1
votes

We have a Beam/Dataflow pipeline (using Dataflow SDK 2.0.0-beta3 & running on GCP) that uses the template functionality. Whenever we run it, it always spits out the following warning:

11:05:30,484 0    [main] INFO  org.apache.beam.sdk.util.DefaultBucket - No staging location provided, attempting to use default bucket: dataflow-staging-us-central1-435085767562
11:05:31,930 1446 [main] WARN  org.apache.beam.sdk.util.RetryHttpRequestInitializer - Request failed with code 409, will NOT retry: https://www.googleapis.com/storage/v1/b?predefinedAcl=projectPrivate&predefinedDefaultObjectAcl=projectPrivate&project=<redacted>"

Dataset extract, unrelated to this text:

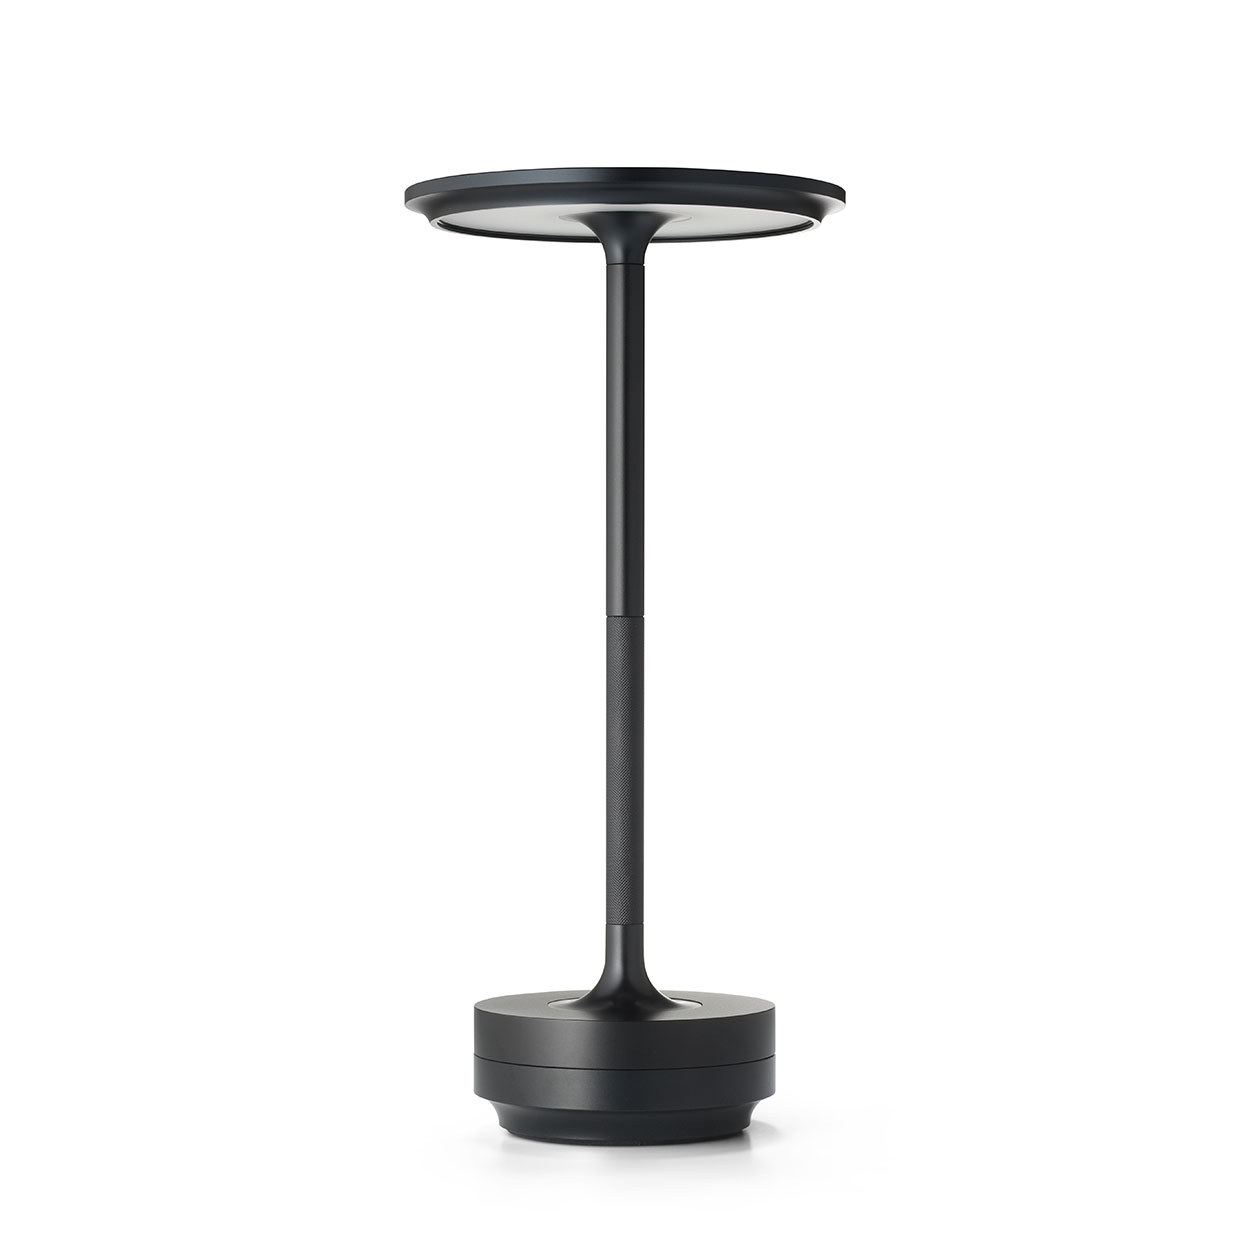 TURN bordslampa portabel, svart aluminium

However, we are setting the --stagingLocation parameter, and we can see all the binaries/jars etc. are uploaded to the bucket that we've specified in the --stagingLocation parameter.

However, Beam/Dataflow then creates the following zombie bucket in GCS in our project: dataflow-staging-us-central1-435085767562

Why is this happening if we are clearly setting the --stagingLocation parameter?

1
Would you be able to provide the command you used to create the template pipeline? Did you specify --stagingLocation when you created it? And what command are you using to launch the pipeline? I'm just trying to understand which commands you are referring to when setting stagingLocation - Alex Amato

1 Answers

3
votes

I suspect this is BEAM-2143. Specifically, althhough the error says you need to specify --stagingLocation, you actually need to specify --tempLocation.